Toxicol Sci 2016 Jan 30;149(1):121-33. Epub 2015 Sep 30.
*Center for Brain Repair and Rehabilitation, University of Gothenburg, Gothenburg, SE-40530, Sweden; *Center for Brain Repair and Rehabilitation, University of Gothenburg, Gothenburg, SE-40530, Sweden;
The possibility that exposure to general anesthetics during early life results in long-term impairment of neural function attracted considerable interest over the past decade. Extensive laboratory data suggest that administration of these drugs during critical stages of central nervous system development can lead to cell death, impaired neurogenesis, and synaptic growth as well as cognitive deficits. These observations are corroborated by several recent human epidemiological studies arguing that such cognitive impairment might also occur in humans. Despite the potential public health importance of this issue, several important questions remain open. Amongst them, how the duration of anesthesia exposure impact on outcome is as yet not fully elucidated.
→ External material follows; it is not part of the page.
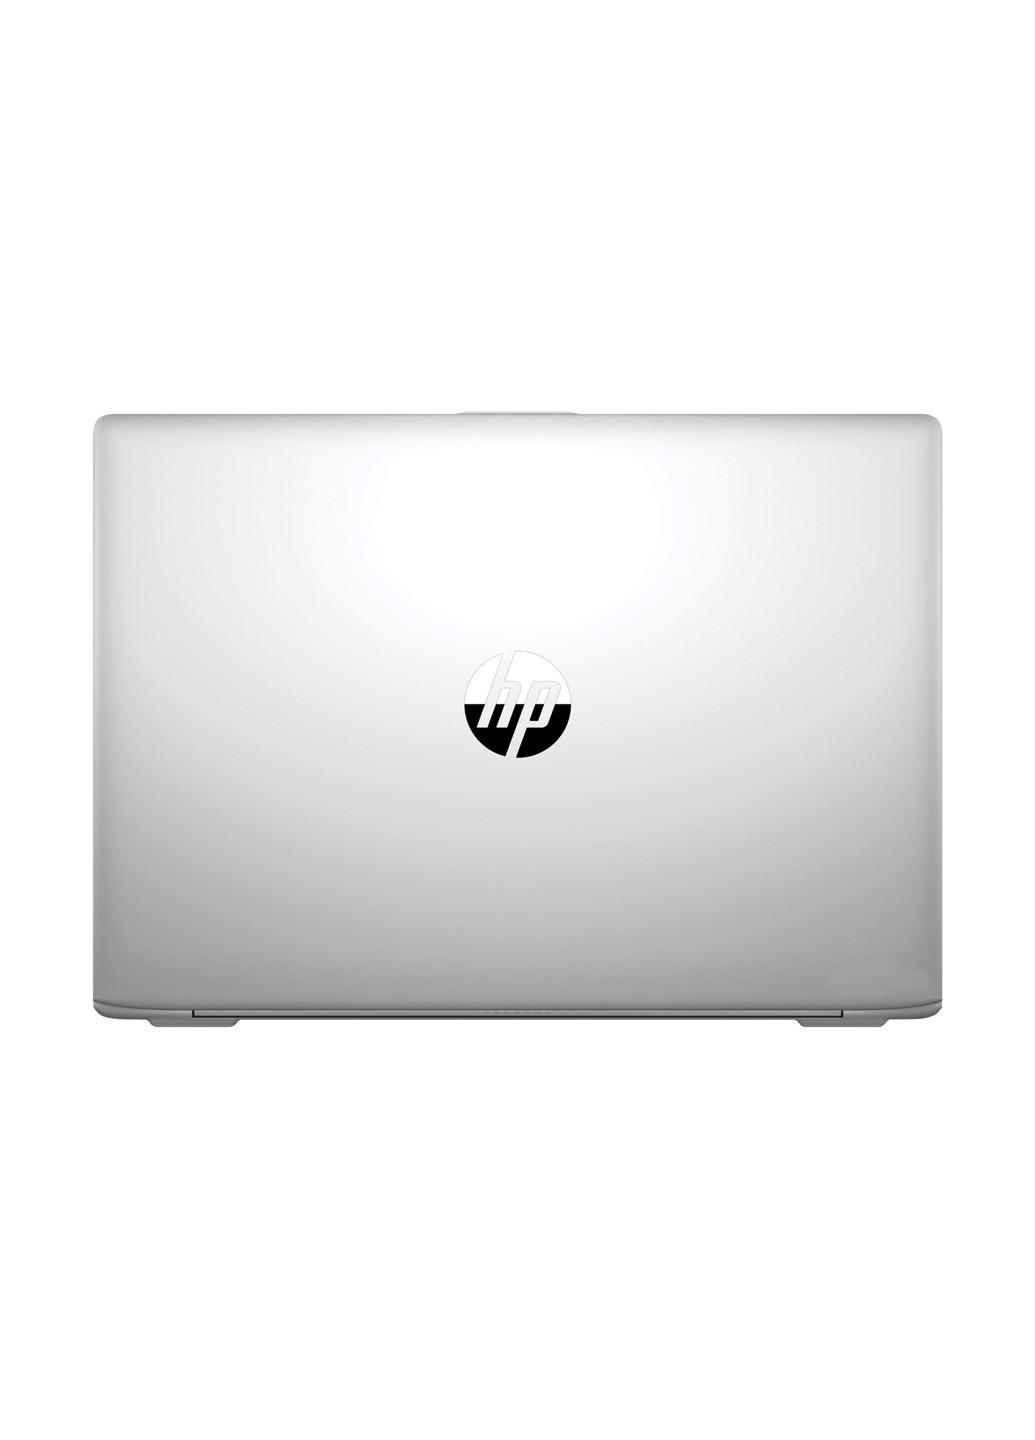 Ноутбук HP probook 440 g5 (2xz66es) silver (136402400)

To gain insight into this question, here we focused on the short- and long-term impact of a 30-min-long exposure to clinically relevant concentrations of sevoflurane in rat pups at 2 functionally distinct stages of the brain growth spurt. We show that this treatment paradigm induced developmental stage-dependent and brain region-specific acute but not lasting changes in dendritic spine densities. Electrophysiological recordings in hippocampal brain slices from adult animals exposed to anesthesia in the early postnatal period revealed larger paired-pulse facilitation but no changes in the long-term potentiation paradigm when compared with nonanesthetized controls. 5-bromo-2-deoxyuridine pulse and pulse-chase experiments demonstrated that neither proliferation nor differentiation and survival of hippocampal progenitors were affected by sevoflurane exposure. In addition, behavioral testing of short- and long-term memory showed no differences between control and sevoflurane-exposed animals. Overall, these results suggest that brief sevoflurane exposure during critical periods of early postnatal development, although it does not seem to exert major long-term effects on brain circuitry development, can induce subtle changes in synaptic plasticity and spine density of which the physiological significance remains to be determined.